Penmort Castle (Ghosts and Reincarnation #1)(19)



Not touch his tongue briefly to hers but kiss her so hard, so long and so thoroughly he could smell her sex mingled with her perfume.

She didn’t read his mind instead, she went on to tease, “Though, considering your people brought us the Bay City Rollers, maybe not.”

It was deeply unfortunate, Cash thought, that she’d teased him.

That made him want to kiss her even more.

He didn’t because he knew if he did, at that moment, he might not be able to stop.

He took the whisky from her and lifted it to his lips, his eyes watching her over the rim of the glass. Even dressed casually with very little makeup, she was stunning.

Before taking a drink, he returned, “My people also brought you Nazareth.”

He watched her warm hazel eyes grow even warmer.

“Touché,” she replied softly.

Good Christ, he thought, taking in her warm eyes and soft tone and he found it took a supreme effort of will not to reach for her.

She seemed oblivious to his rampaging thoughts and turned, again heading toward the kitchen.

“I ate already,” she informed him as she moved and he followed.

This did not please him.

He didn’t respond. He leaned a hip against the counter and saw the kitchen was clean and tidy, only a glass half-filled with red wine sat on one of the counters.

Abby took down a plate.

“If I eat late, I don’t sleep. My body doesn’t like it,” she shared.

He knew she liked her sleep, she’d told him that morning when he’d woken her to hear her sweet, soft voice sounding husky, irate and adorable.

He watched her pull out cutlery and set it beside the plate she’d retrieved and while he did so he found that he didn’t like that he knew exactly eight pertinent facts about her. These being she sold her body for money, couldn’t sleep if she ate late, lived in her grandmother’s house, had a dead husband, liked loud music, red wine and sleep and, most importantly, she sounded unbelievably f**kable in the morning.

“I would have preferred you waited for me,” he told her honestly.

Her gaze shifted to him as she pulled on oven mitts.

“Sorry,” she murmured, sounding like she actually was, and turned away to open the oven door.

The tantalising smell came out in a wave and she extricated an earthenware pan filled with what looked like pasta shells overstuffed with meat and sauce and covered in cheese.

“Stuffed pasta shells, garlic bread and salad,” she announced, setting the pan on a pad, she threw off the mitts with an expert flick of her wrists and her eyes went back to him. “Baked pears with cream and chocolate sauce for dessert,” she told him, reaching to pull open the drawer by his hip. “I ate my dessert too,” she admitted.

“If that’s as good as it smells, I’ll forgive you,” he told her.

“It is,” she smiled then bent her head, grabbed a serving spoon and shut the drawer.

“Who taught you to cook?” he asked as she served up the shells.

“Mom,” she replied.

“Is your mother close?” he enquired.

“I like to think so,” was her strange and, Cash thought, evasive answer.

Cash didn’t let it go.

She might wish to remain distant but he didn’t want that and he bloody well paid enough to have her as close as he wanted her.

Which was exactly what he was going to get if he had to tie her down and interrogate her.

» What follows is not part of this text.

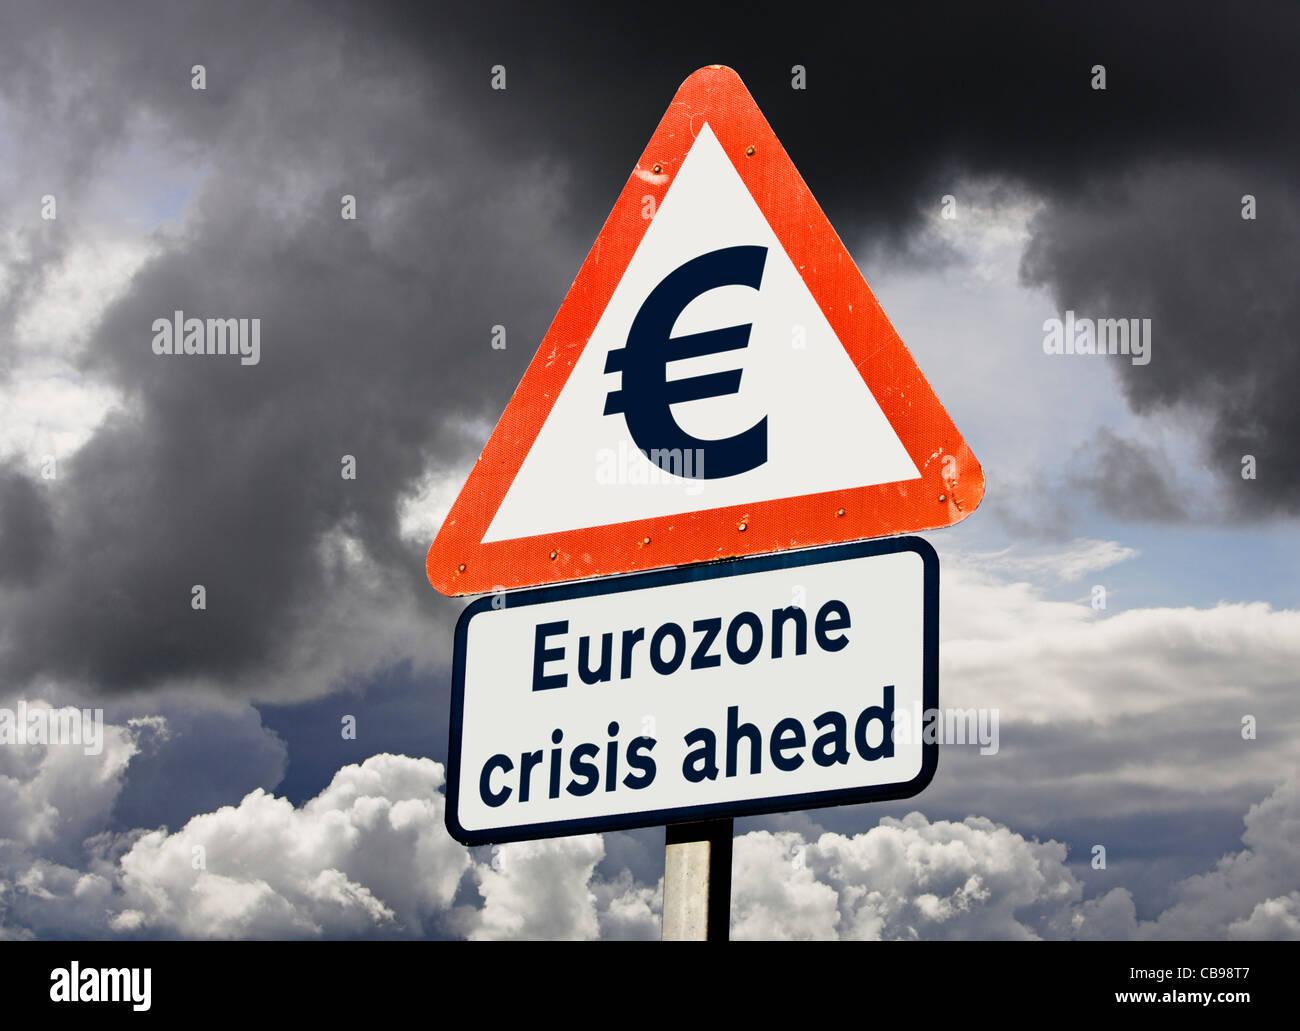 La eurozona Unión Europea UE deuda o crisis política amenaza romper concepto signo de advertencia contra Imagen De Stock

Shaking off that altogether too stimulating thought, he pressed, “Is she in England?”

“No,” Abby replied.

“America,” he stated.

“Yes.”

“That’s not exactly close,” Cash remarked.

She’d finished serving up the shells and was returning to the oven for the bread. “Well, she’s not exactly in America,” she came back to the counter with the bread, gracefully flipping the oven door closed with her foot before she did. Her eyes stayed on her task as she went on, “It’s more like she is and she isn’t.”

“That sounds difficult to do,” Cash observed.

She tore off an enormous chunk of what looked like homemade garlic bread and put it on his plate before her eyes met his.

“She’s dead, Cash.”

Her quiet words felt like a blow to the belly.

Fucking hell but he was a bastard.

“Abby,” he said softly by way of an apology.

“It’s okay. It was a long time ago,” she told him, putting his fork on the plate and handing it to him then she moved to the fridge.

Cash carried on, he shouldn’t have but he didn’t know that so he did. “Is your father still in America?”

“Yep,” she said casually, head in the fridge, “lying beside Mom.”

When she turned around, hands holding a big salad bowl, her gaze came to his. He saw her eyes were carefully guarded. His eyes were on her, his fork suspended halfway to his mouth.

She went on matter-of-factly, “Heart attack. Dad. Cancer. Mom. Mom went first. Two years apart.”

With some effort, he started to eat.

The food was, incidentally, better than it smelled.

She put his salad in another bowl, dressed it and slid it along the counter to where he was eating and watching her.

She was busying herself putting away the food when he remarked, “That must have been rough.”